Data block ->
-=-=-

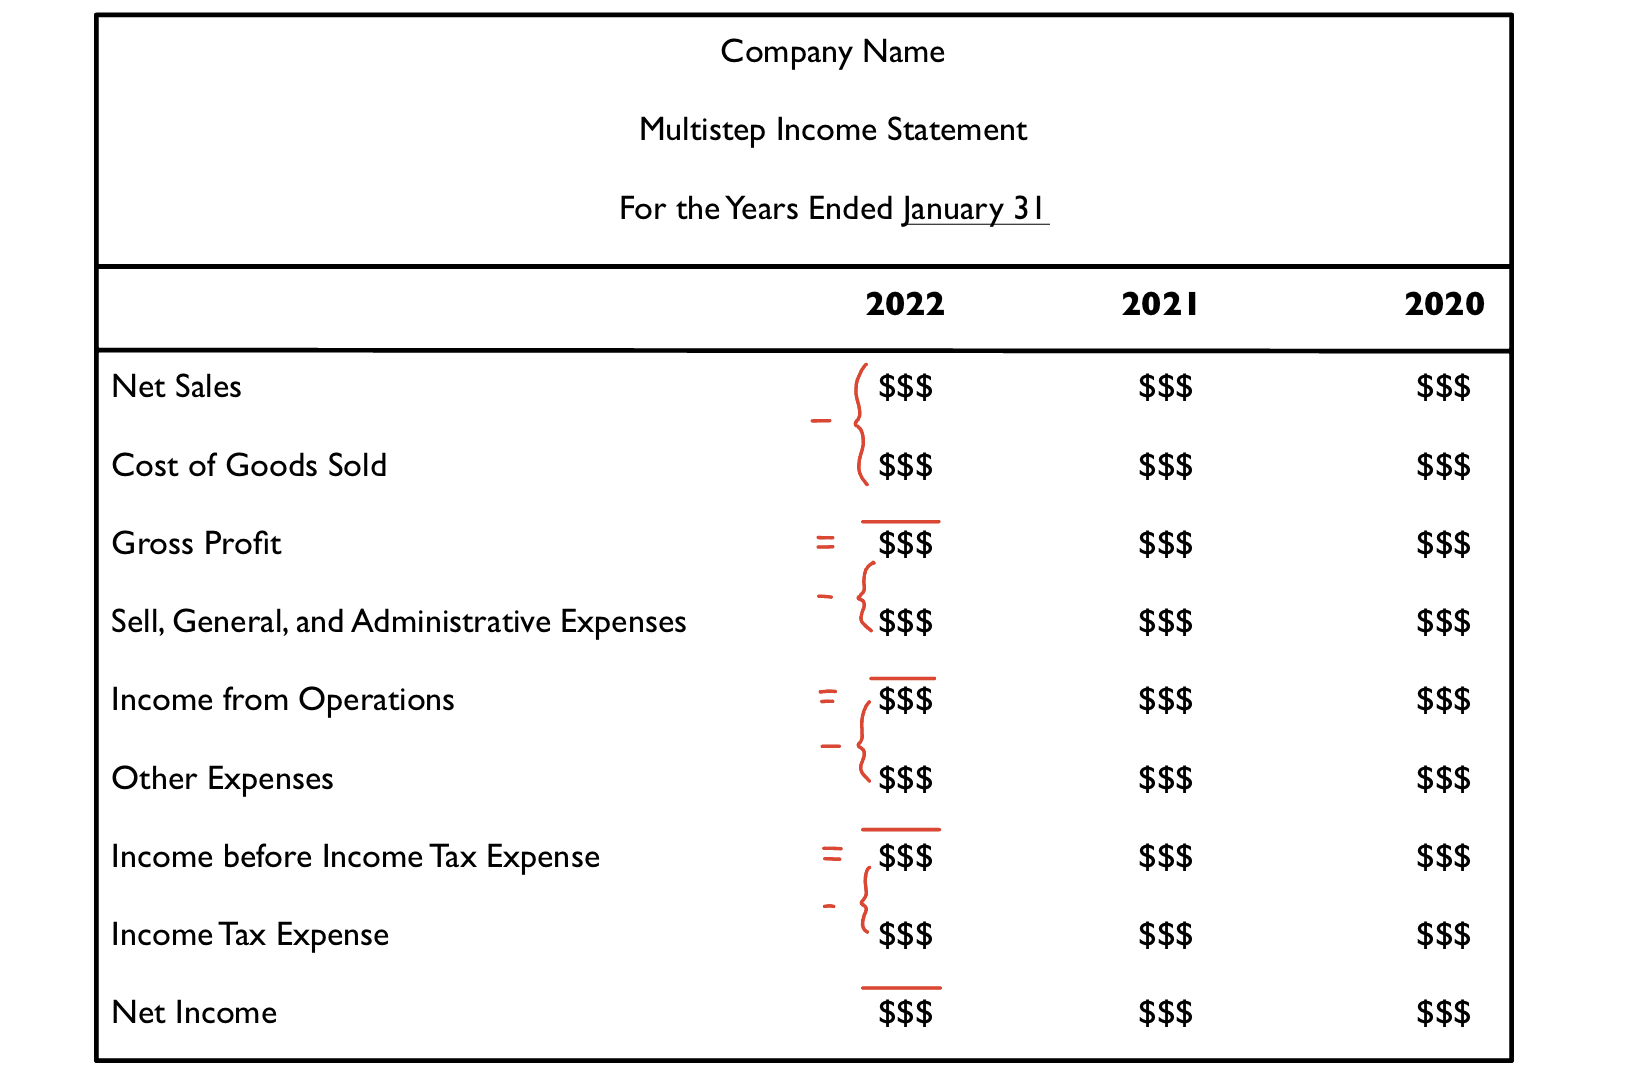 The format of a Multistep Income Statement. Income Tax is always the last expense listed.
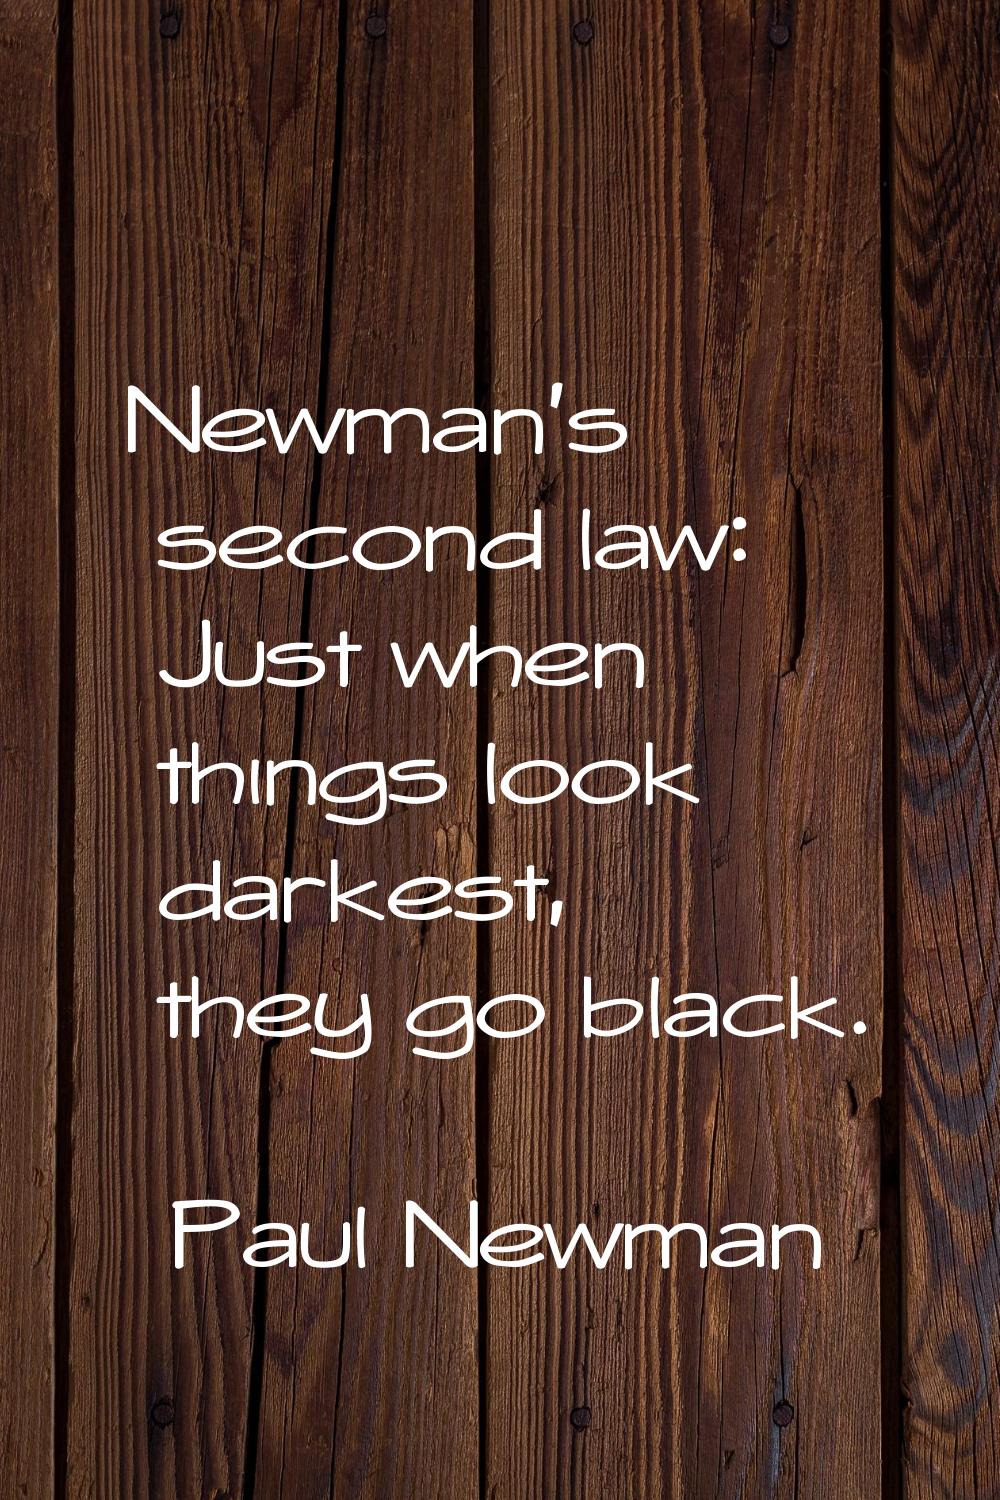 Newman's second law: Just when things look darkest, they go black.
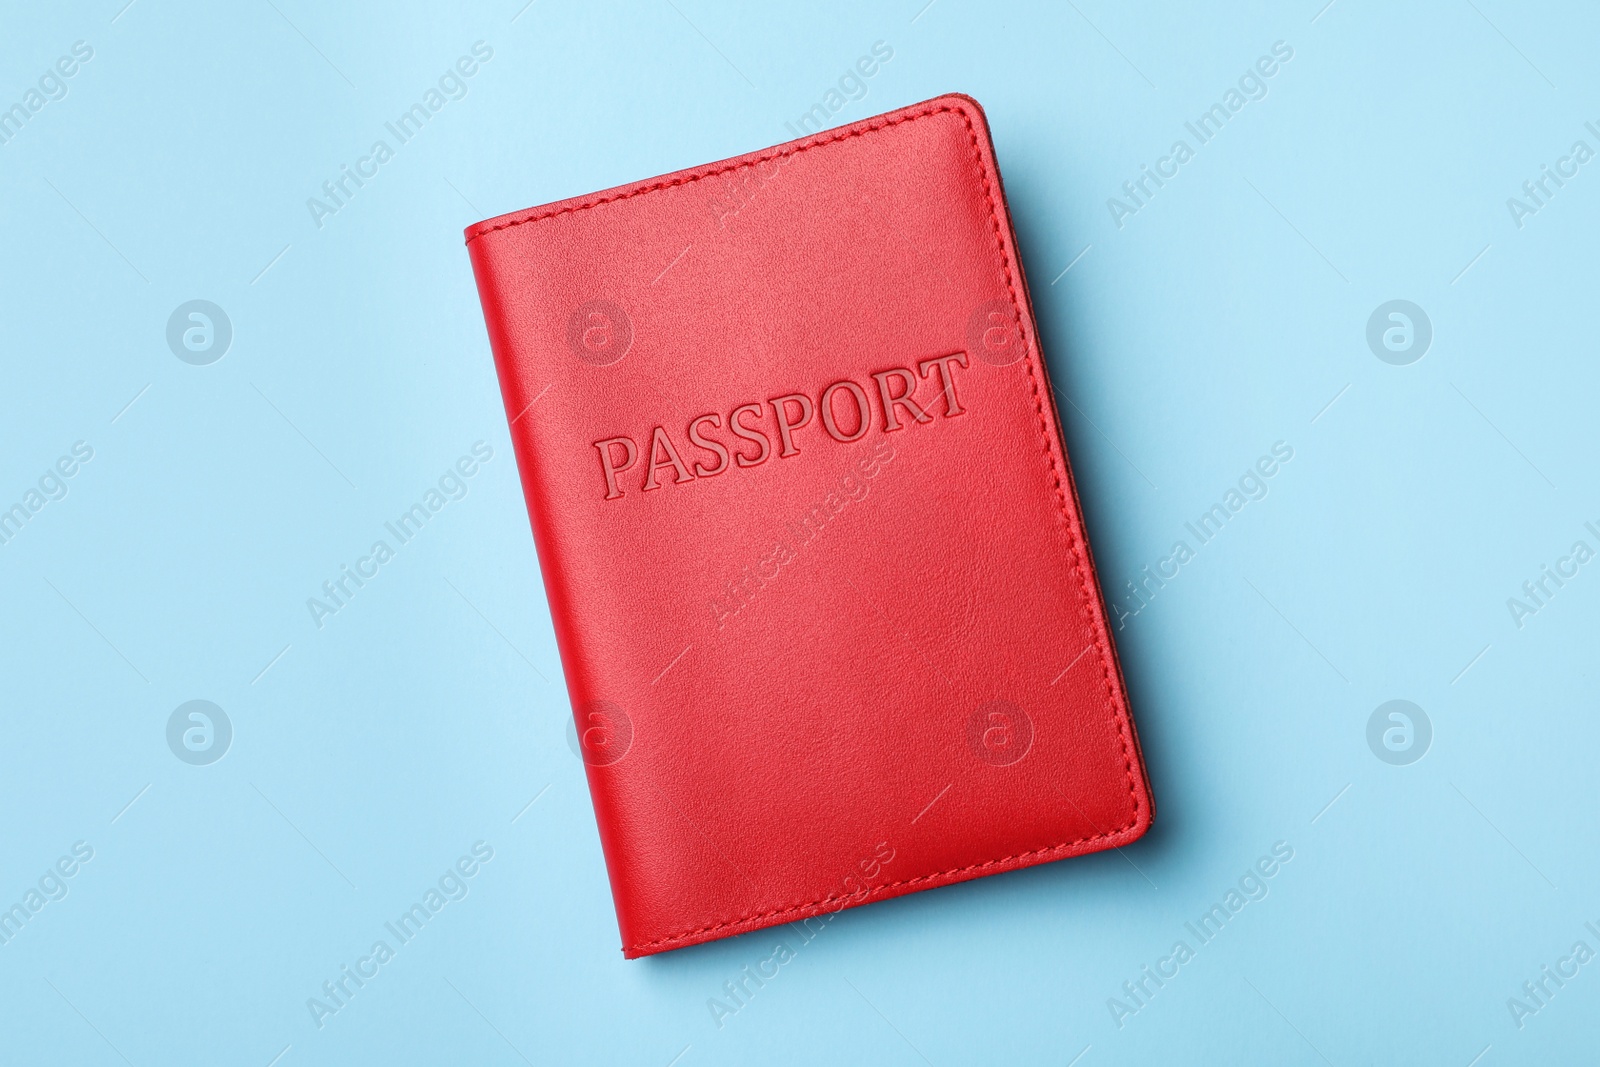 Photo of Passport in red leather case on light blue background, top view

-=-=-

Assigned task ->
The whole listing above, line by line, needs to be copied exactly, except for any images.

Result of this task ->
 The format of a Multistep Income Statement. Income Tax is always the last expense listed.
 Newman's second law: Just when things look darkest, they go black.
 Photo of Passport in red leather case on light blue background, top view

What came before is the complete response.